On Sat, 2 Mar 2024 10:55:41 GMT, Emanuel Peter <epeter at openjdk.org> wrote:

>> @eme64 Sure, here is the assembly for the baseline: https://gist.github.com/jaskarth/1fe6f00a5b37fe3efb0dd6a2d24840e0
>> And after: https://gist.github.com/jaskarth/99c56e2f081f996987b96d7e866aca6c
>> 
>> I must have missed this originally when evaluating the benchmark, but looking at the assembly it seems like the baseline JDK creates a `CMove` for that ternary already. I made a quick patch to disable where `PhaseIdealLoop::conditional_move` is called, and the performance still stays the same on the benchmark. I've also attached that assembly if it's of interest: https://gist.github.com/jaskarth/7b12b688f82a3b8e854785f1827b0c20
>
> @jaskarth It seems we were aware of such issues a long time ago:
> https://bugs.openjdk.org/browse/JDK-8039104: Don't use Math.min/max intrinsic on x86
> So we may actually have use `if` for min/max instead of CMove, at least on some platforms.
> But some platforms may have worse branch predictors, and then we should use CMove more often.

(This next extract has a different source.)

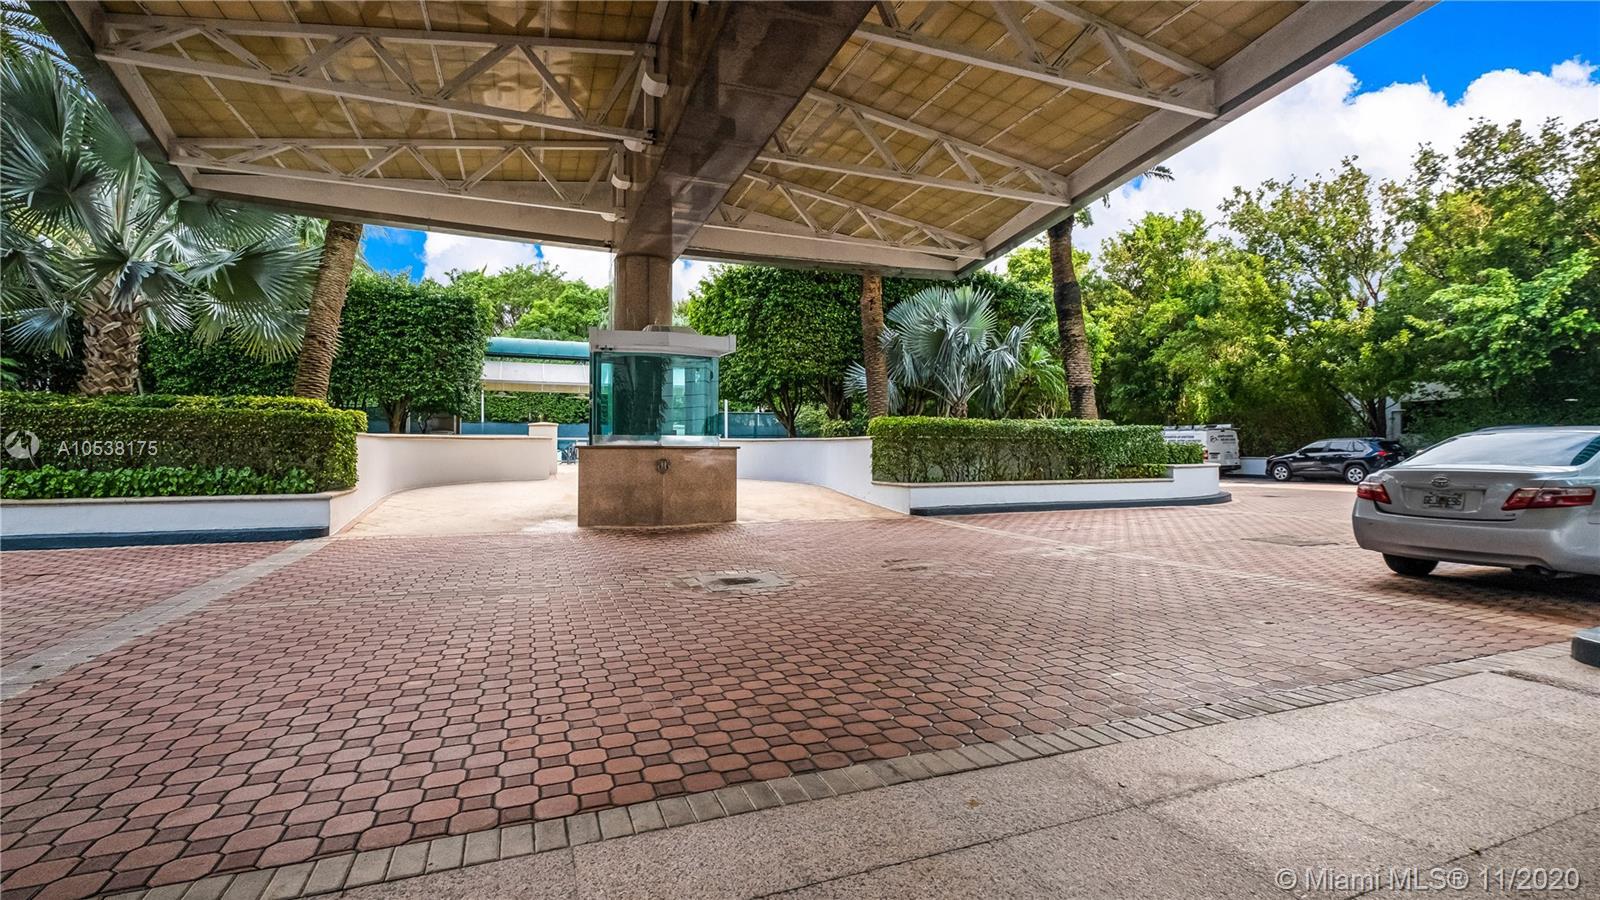 2127 Brickell Avenue, Miami, FL 33129, Bristol Tower Condominium #3302, Brickell, Miami A10538175 image #9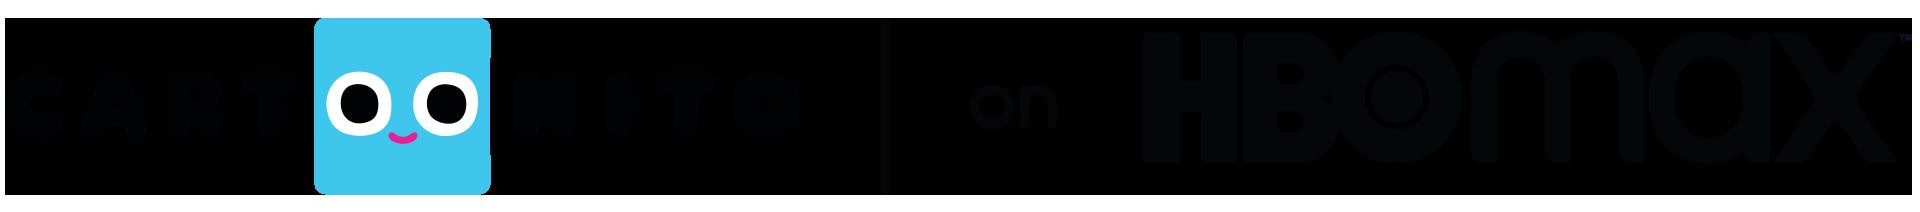 Cartoonito on HBO Max logo

Hey @eme64, first of all, I want to thank you for your detailed analysis, and the added benchmark! I hope to answer your questions below.

> I would like to see a benchmark where you get a regression with your patch if you removed the `PROB_UNLIKELY_MAG(2);` check, or at least make it much smaller. I would like to see if there is some breaking-point where branch prediction is actually faster.

I think this is a good point as well, I'll try to design a benchmark for this.

> You seem to have discivered that your last example was already converted to CMove. What cases does your code cover that is not already covered by the `PhaseIdealLoop::conditional_move` logic?

In my benchmark, I found that `testSingleInt` wasn't turned into a `CMove`, but after some more investigation I think this is because of a mistake in my benchmark. I mistakenly select the 0th element of the arrays every time, when I should be randomly selecting indices to prevent a side of the branch from being optimized out. When that change is made, it produces a CMove. I also recall finding cases earlier where CMoves in loops weren't created, but I think this must have been before [JDK-8319451](https://bugs.openjdk.org/browse/JDK-8319451) was integrated. I'll keep searching for more cases, but I tried a few examples and couldn't really find any where a minmax was made but the CMove wasn't.

> I think that the CMove logic kicks in for most loops, though maybe not all cases? Would be interesting to know which of your cases were already done by CMove, and which not. And why.

I think looking at the code in `PhaseIdealLoop::conditional_move`, the primary difference is that CMove code has an additional cost metric for loops, whereas is_minmax only has the `PROB_UNLIKELY_MAG(2)` check that the CMove logic uses when not in a loop. I think this might potentially lead to minmax transforming cases in loops that `CMove` might not have- but that may not necessarily be desireable.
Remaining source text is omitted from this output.